Write out exactly the lines from the one that contains "It can be as" down to the last line of the material below, keeping both ends and omitting pictures.
(Input data)
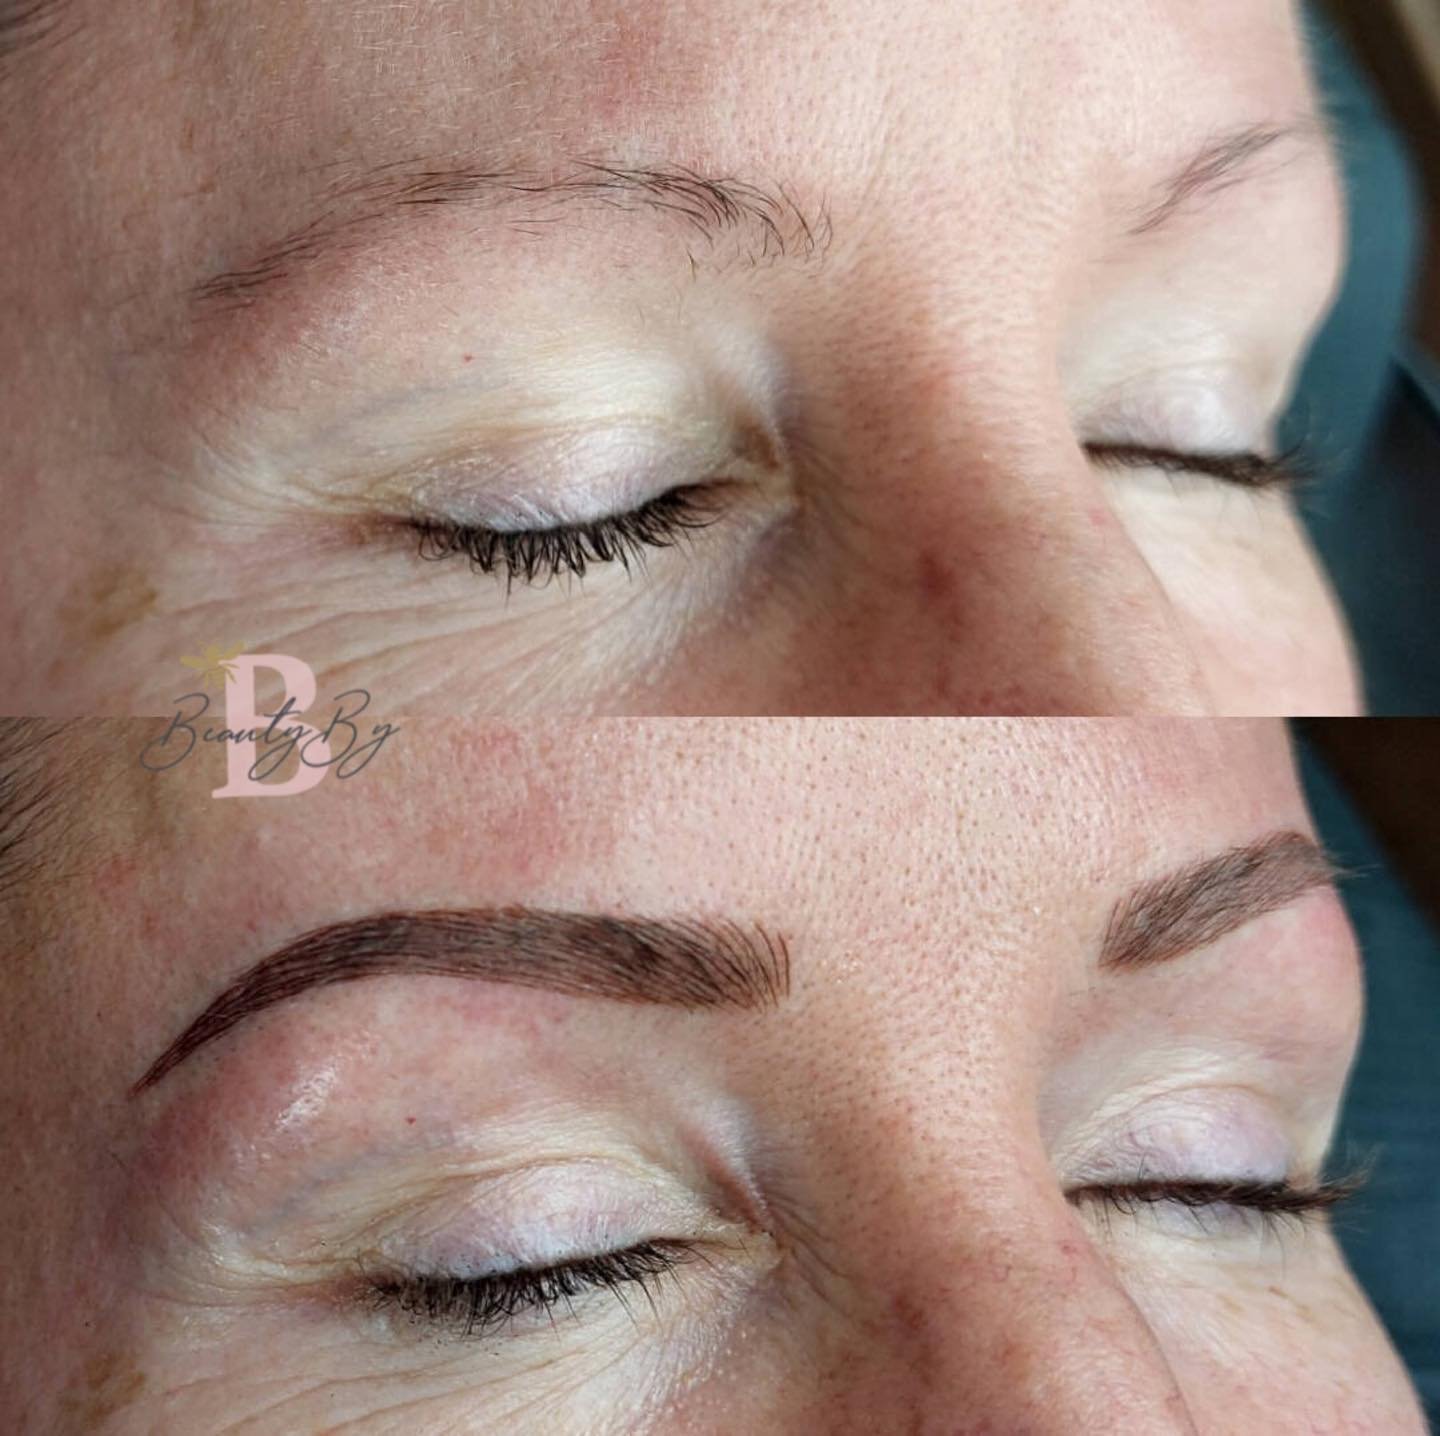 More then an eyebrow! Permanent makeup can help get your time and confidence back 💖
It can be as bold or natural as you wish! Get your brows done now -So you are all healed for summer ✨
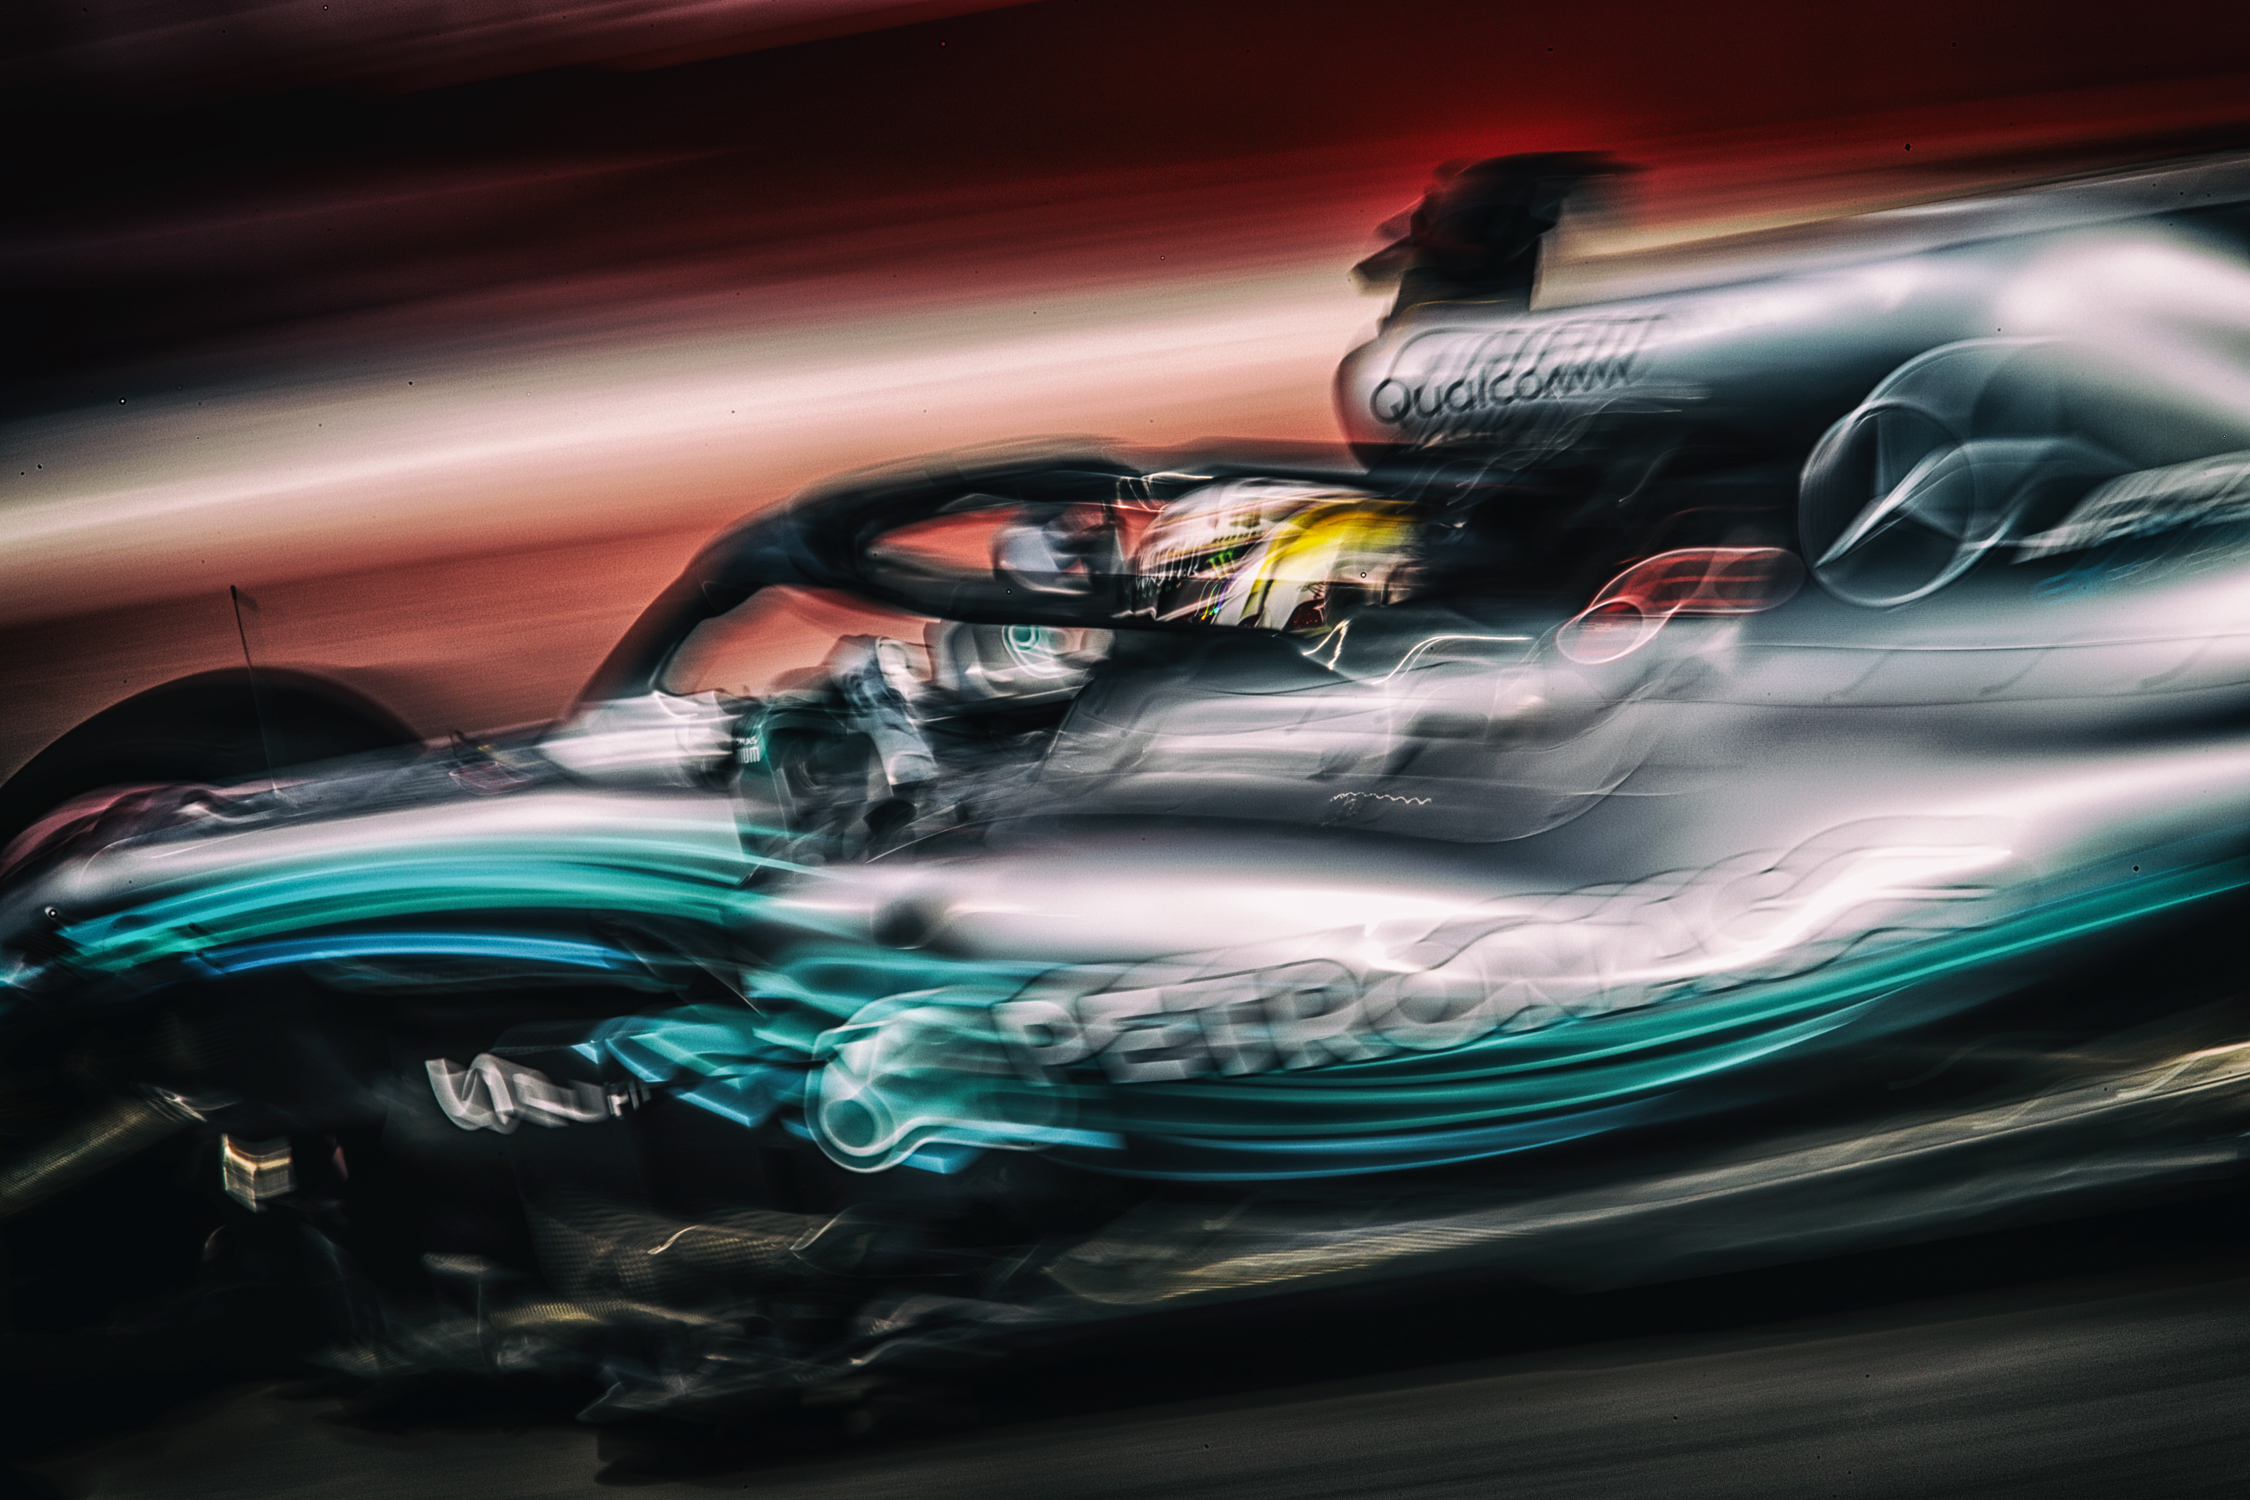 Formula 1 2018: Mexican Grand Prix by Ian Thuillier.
(End Input data)
#### Result of the task:
It can be as bold or natural as you wish! Get your brows done now -So you are all healed for summer ✨
 Formula 1 2018: Mexican Grand Prix by Ian Thuillier.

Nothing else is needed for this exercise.